> [Task to complete]: Leave out the pictures and output the data verbatim.

(Dataset section Opens)

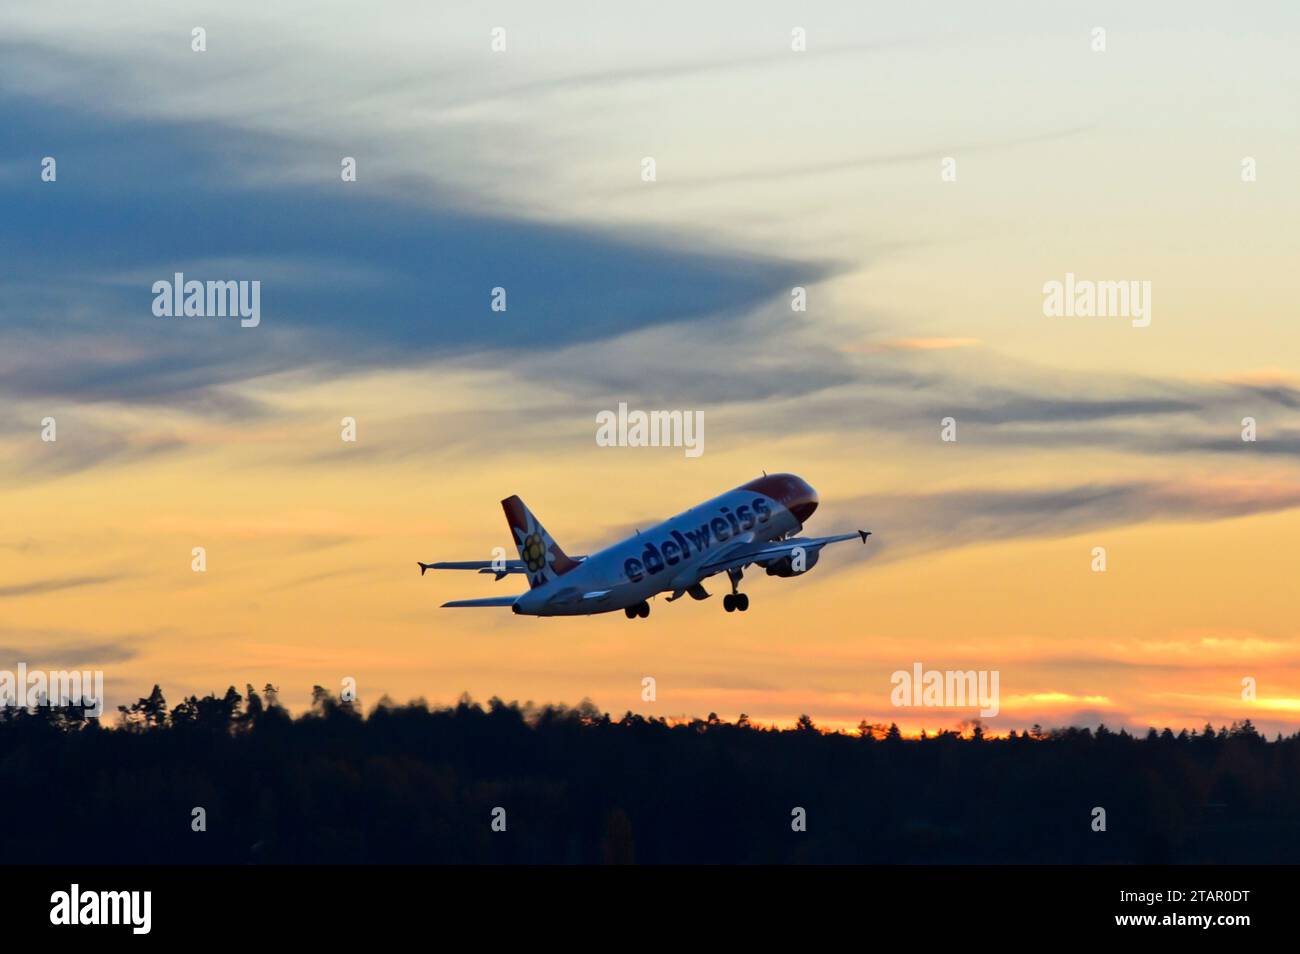 Airbus of the airline Edelweiss Air after take-off climbing into the evening sky, Zurich Airport, Zurich, Switzerland Stock Photo
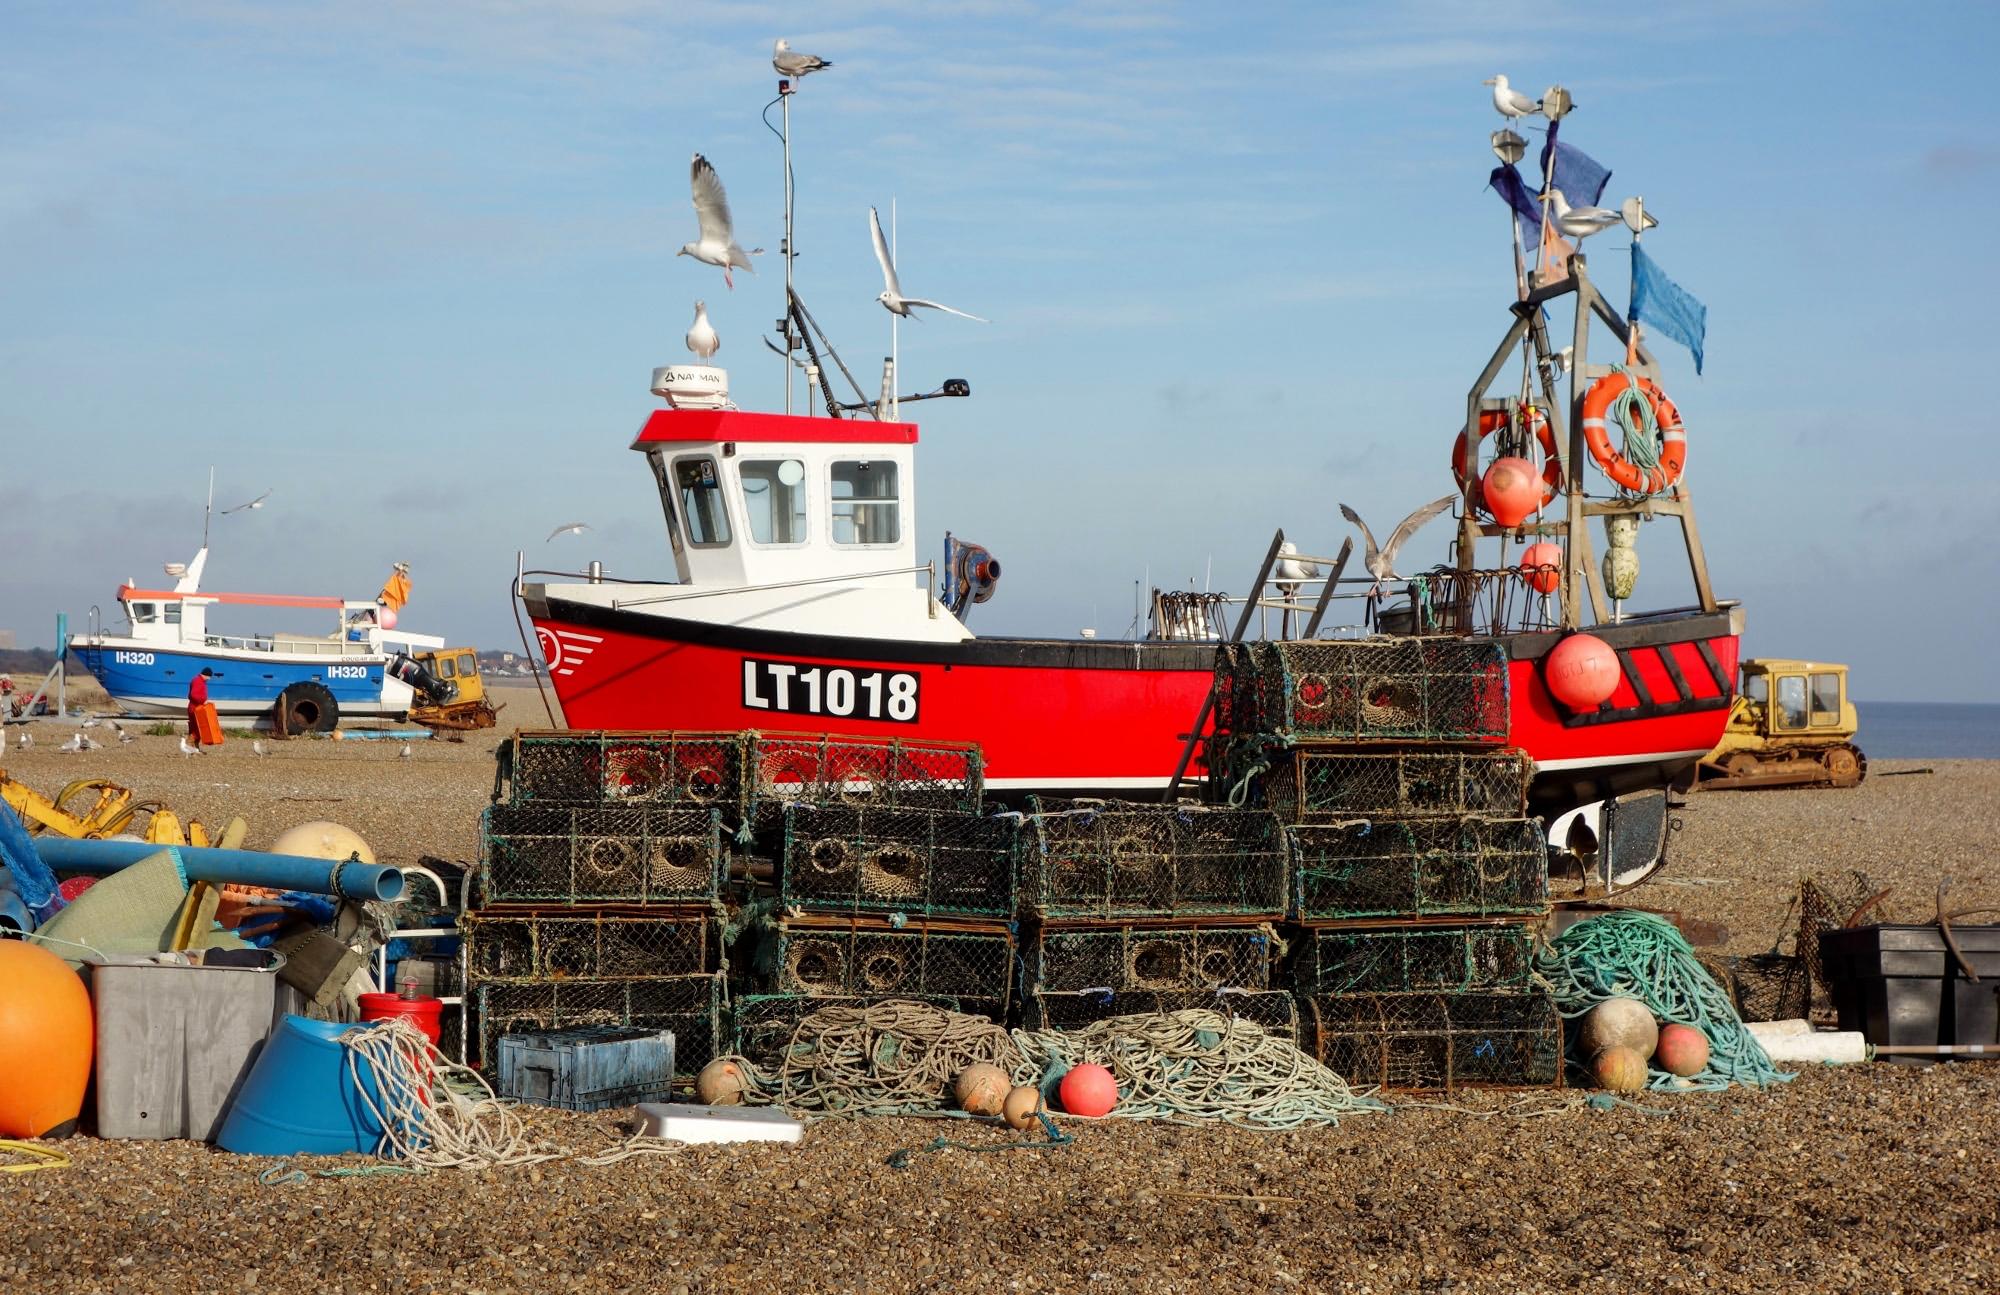 Some of the remaining working fishing boats on Aldeburgh beach
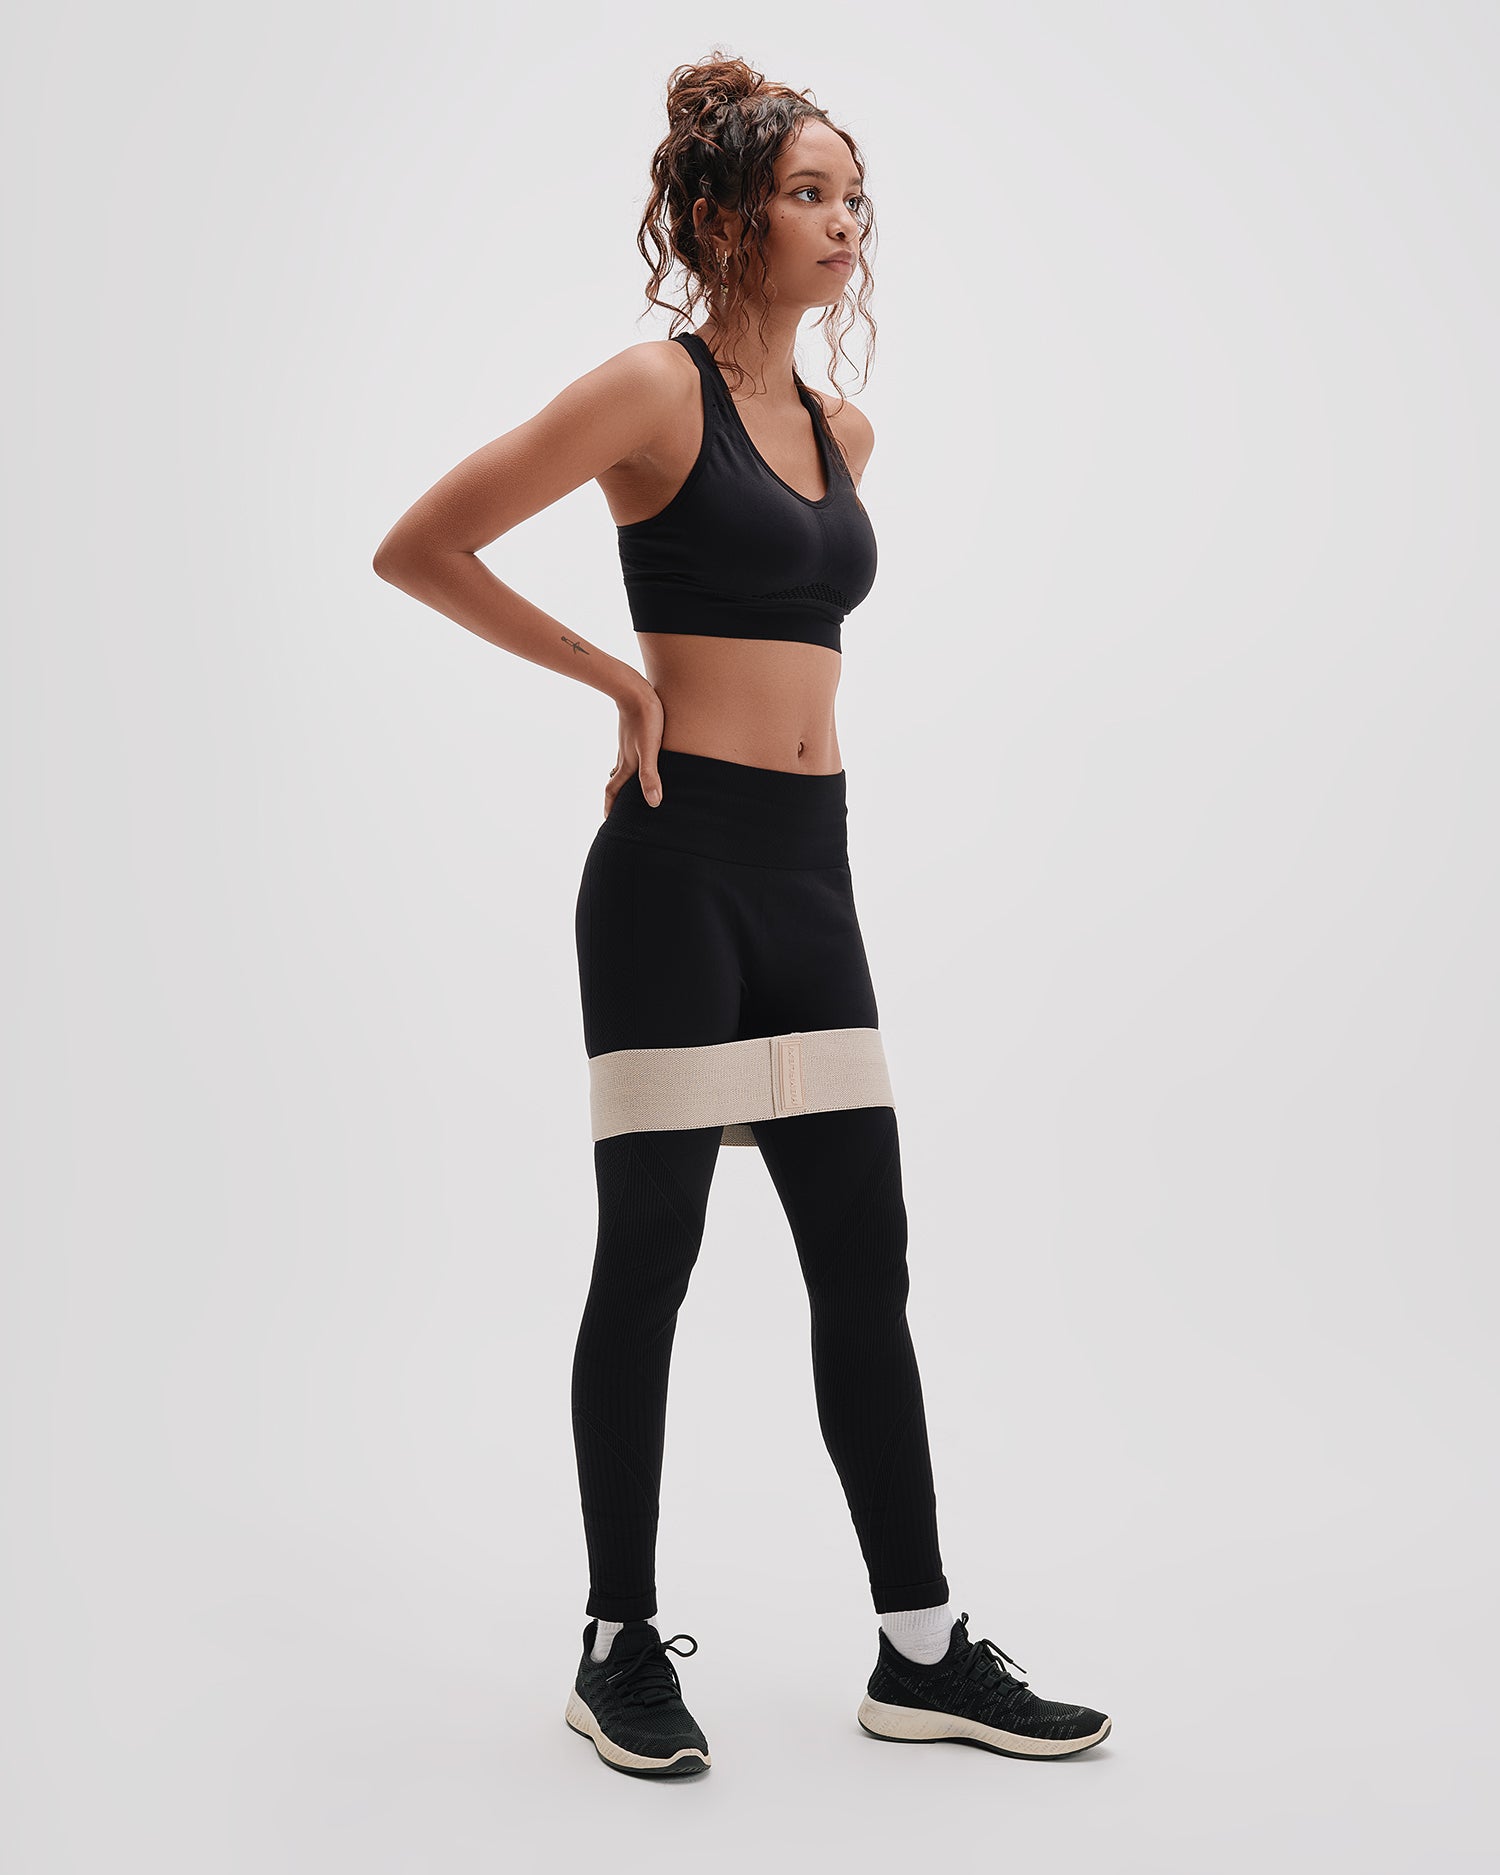 neutral fabric resistance band

(Dataset section Closes)

> [Exercise result]:
 Airbus of the airline Edelweiss Air after take-off climbing into the evening sky, Zurich Airport, Zurich, Switzerland Stock Photo
 Some of the remaining working fishing boats on Aldeburgh beach
 neutral fabric resistance band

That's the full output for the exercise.